Review of Research on Multimodal Retrieval

JIN Tao, JIN Ran, HOU Tengda, YUAN Jie, GU Xiaozhe   

  1. 1.College of Big Data and Software Engineering, Zhejiang Wanli University, Ningbo, Zhejiang 315100, China
    2.Jiangsu Electric Power Information Technology Co., Ltd., Nanjing, Jiangsu 210003, China
  • Online:2024-03-01 Published:2024-03-01

摘要: 多模态数据的日益增长使得多模态检索技术也相继受到了不少关注。随着汽车、医学等行业引入计算机与大数据技术,大量的行业数据其本身都是以多模态形式呈现出来的,行业的快速发展使人们对信息的需求不断增加,单一模态数据检索已经无法满足人们对信息的需求。为了解决这些问题,满足一种模态的数据检索其他模态数据的需求,通过文献的查阅对多模态检索的方法进行研究,分析了公共子空间、深度学习、多模态哈希算法等不同的研究方法,梳理了近年来提出的解决这些问题的多模态检索技术。最后,对近几年来提出的多模态检索方法根据检索的准确性、检索的效率以及特点等多方面进行评价对比;对多模态检索所遇到的挑战进行分析,并展望多模态检索未来的应用前景。

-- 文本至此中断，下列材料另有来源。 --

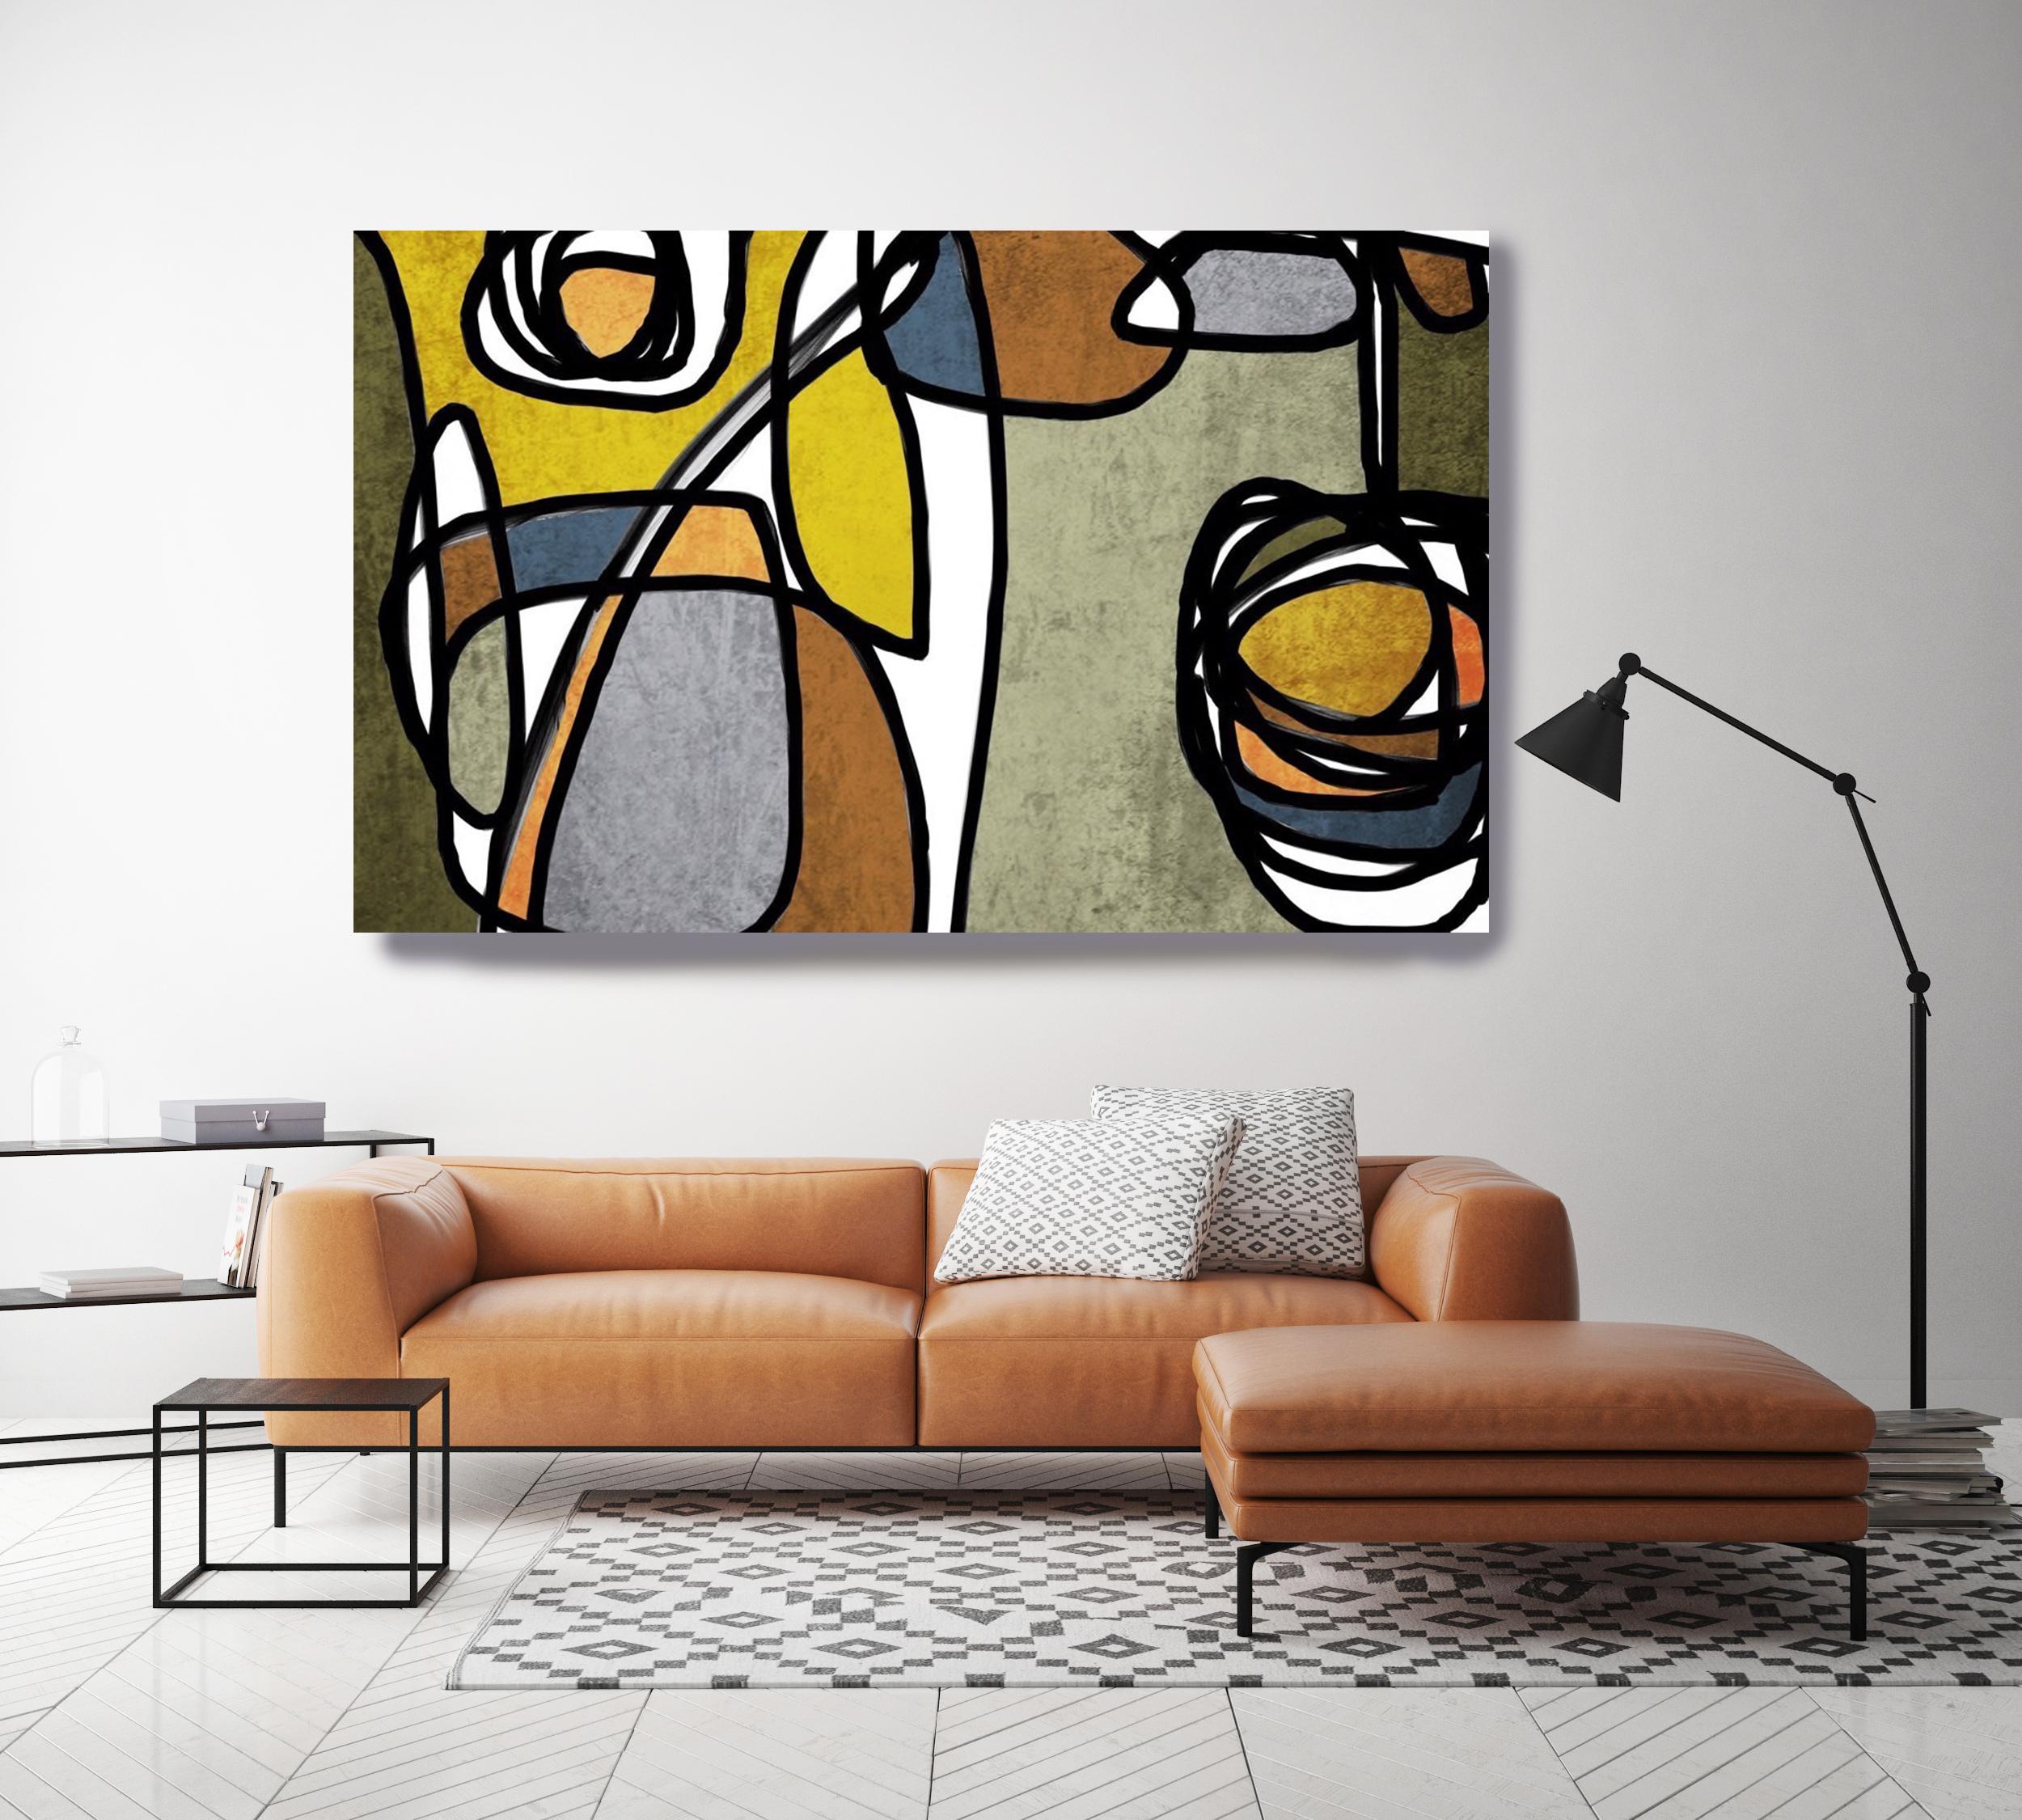 Vibrant Colorful Abstract-0-60,' a masterpiece of Mid Century Modern Art by the renowned artist Irena Orlov.

This is no ordinary artwork; it's a limited edition Giclee meticulously hand embellished by the artist herself. Each stroke of the artist's

关键词: 多模态检索, 公共子空间, 深度学习, 哈希算法

Abstract: With the increasing of multimodal data, multimodal retrieval technology has received a lot of attention. With the introduction of computer and big data technology in automobile, medical and other industries, a large amount of industry data itself are presented in a multi-modal form. With the rapid development of the industry, people’s demand for information is constantly increasing, and single modal data retrieval can no longer meet people’s demand for information. In order to solve these problems and meet the needs of data retrieval from one mode and other modes, this paper studies multi-modal retrieval methods through literature review, analyzes different research methods such as common subspace, deep learning and multi-modal Hash algorithm, and sorts out the multi-modal retrieval techniques proposed by researchers in recent years to solve these problems. Finally, the multimodal retrieval methods proposed in recent years are evaluated and compared according to the accuracy, efficiency and characteristics of the retrieval. This paper analyzes the challenges encountered in multimodal retrieval and looks forward to the future application prospects of multimodal retrieval.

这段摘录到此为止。